Single-level EC sites

Three sites with EC measurements at a single level above the canopy were chosen for the demonstration of the formulations described above: AT-Neu (Neustift), a managed grassland in Austria [84], DE-Tha (Tharandt), a high-statured (mean canopy height = 26.5m) spruce forest in Eastern Germany [85], and FR-Pue (Puechabon), a Mediterranean evergreen oak forest in southern France, which is subject to seasonal water stress [86]. The location as well as basic ecosystem properties for these sites are listed in Table 1. Data are freely available from the FLUXNET2015 dataset (http://fluxnet.fluxdata.org/data/fluxnet2015-dataset/; accessed on 2016-11-09). Subsetted dataframes are included in the package and are automatically loaded when the package is attached. Data underwent standard postprocessing (e.g u_* filtering, gap-filling, NEE-partitioning) as detailed on the FLUXNET2015 webpage (http://fluxnet.fluxdata.org/data/fluxnet2015-dataset/data-processing/; accessed on 2018-04-19).

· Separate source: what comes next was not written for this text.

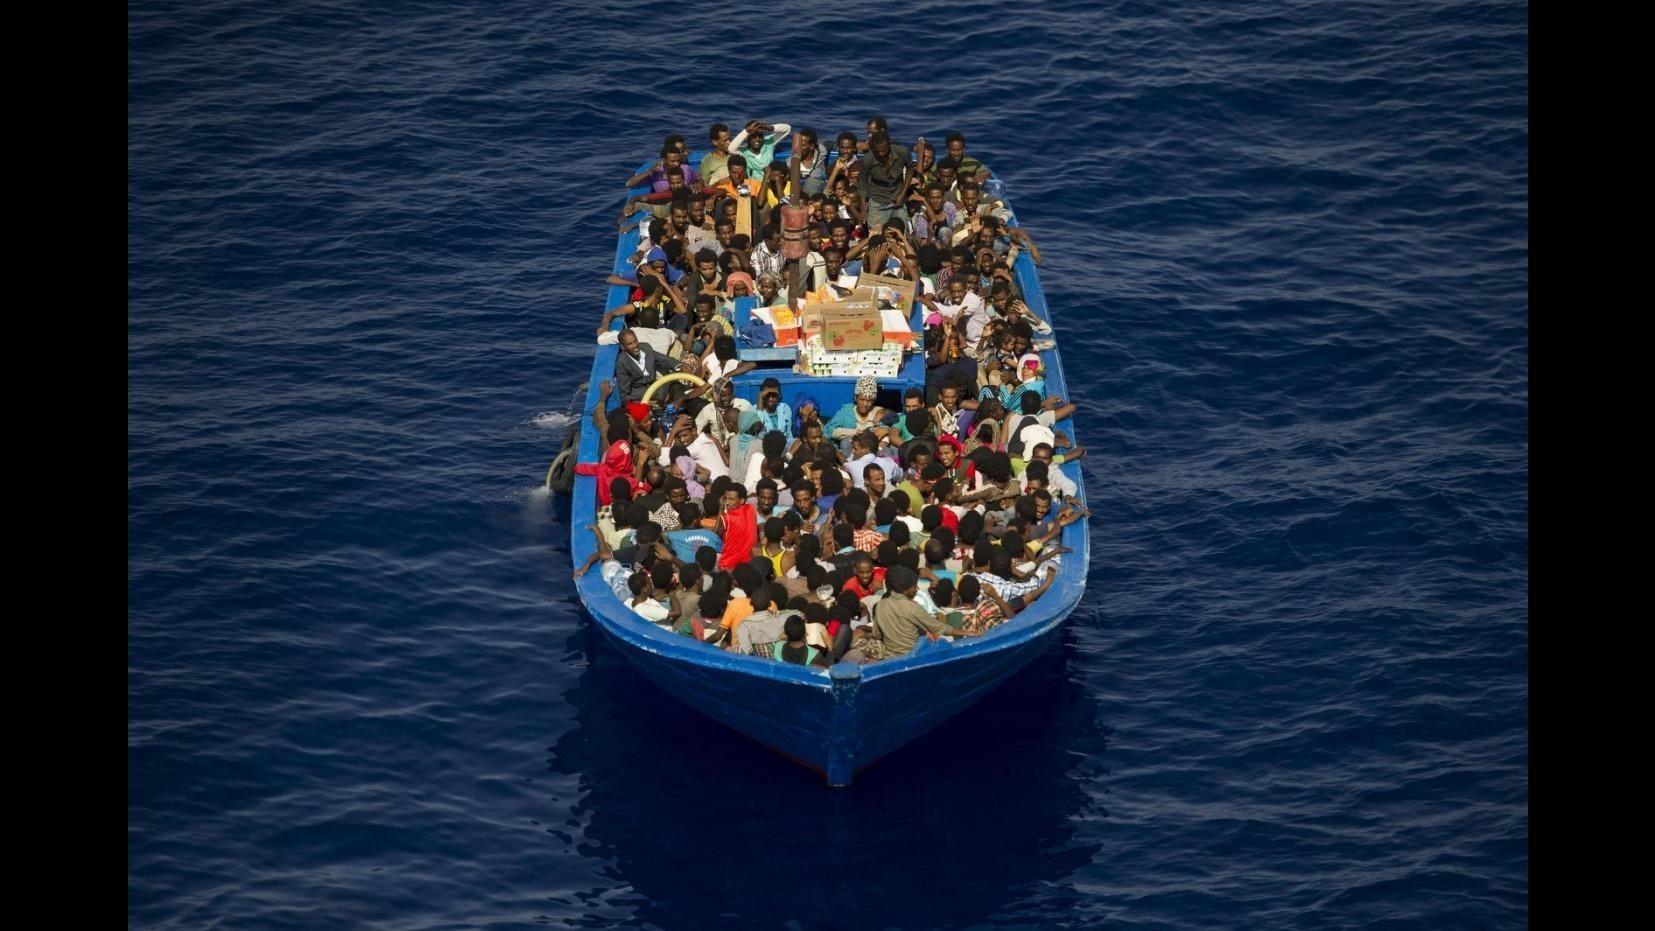 Immigrazione, Unhcr: Mancanza aiuti ha costretto siriani a partire
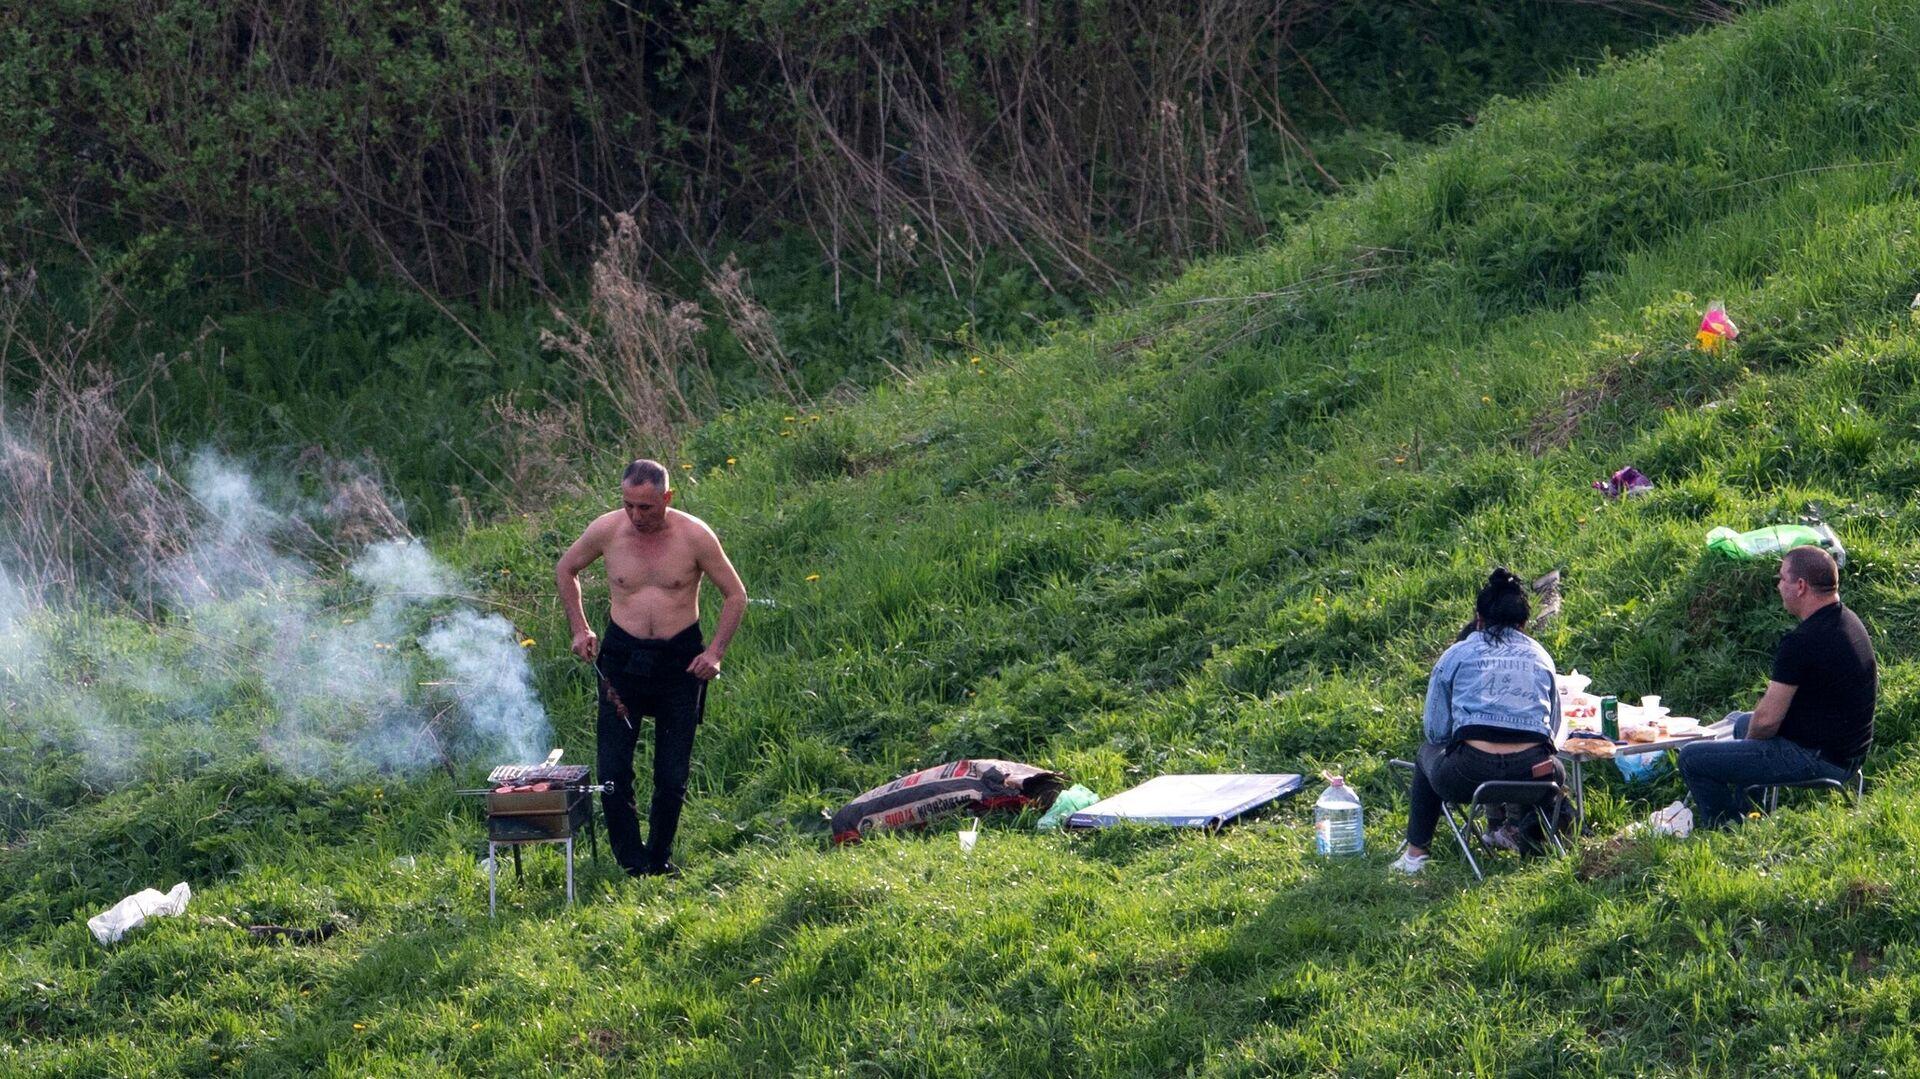 Мужчина жарит шашлыки в одном из парков в Москве - РИА Новости, 1920, 24.06.2021

Table 1. Characteristics of the three single-level case study sites.

site	lon (°)	lat (°)	elevation (m)	MAP (mm)	MAT (°C)	vegetation type	zh (m)	max. LAI
AT-Neu	11.32	47.12	970	852	6.30	grassland	0.5a	6a
DE-Tha	13.57	50.96	385	843	8.20	spruce forest	26.5	7.6
FR-Pue	3.60	43.74	48	883	13.50	holm oak forest	5.5	3.3

^a highly variable throughout the growing season [84]. LAI = 5 in subsequent calculations

Seasonal courses of G_s, G_a and vegetation-atmosphere decoupling

We calculated seasonal dynamics of aerodynamic and surface conductance to water vapor, as well as the decoupling coefficient Ω (Fig 2). The results reveal that G_ah is relatively constant over the course of the year, but differs in magnitude across sites. As expected, highest values can be found in the aerodynamically rough spruce forest DE-Tha, and lowest values in the meadow AT-Neu. FR-Pue shows intermediate values. Differences between the different G_ah versions result from different models of the bulk boundary layer conductance (G_bh; Eqs 4–7). The different G_bh formulations agree well for AT-Neu and FR-Pue, but lead to clear differences in estimated G_ah for DE-Tha. This is likely because the Choudhury (Eq 5) and Su (Eq 7) models consider additional aerodynamic properties (e.g. leaf size, LAI) that are neglected in the Thom model (Eq 4). Thus, accounting for the low leaf characteristic dimension / leaf width and high LAI in DE-Tha leads to a higher G_ah in the Su and especially in the Choudhury formulation compared to the Thom model. The differences in G_ah among the formulations do not have strong effects on the derived G_sw and Ω. G_sw shows pronounced seasonal dynamics at all three sites. Lowest values correspond to inactive vegetation, as e.g. caused by soil water stress (DOY 190-240 in FR-Pue). The dynamics in G_sw are clearly reflected in Ω, the magnitude of which differs considerably across sites. AT-Neu (grassland) is relatively poorly coupled, whereas DE-Tha (forest) shows a high degree of coupling. All three sites show typical values for the respective vegetation type [87].

Fig 2. Seasonal courses of mean daily values of aerodynamic conductance to heat transfer (G_ah), surface conductance to water vapor (G_sw), and decoupling coefficient (Ω) for the year 2012.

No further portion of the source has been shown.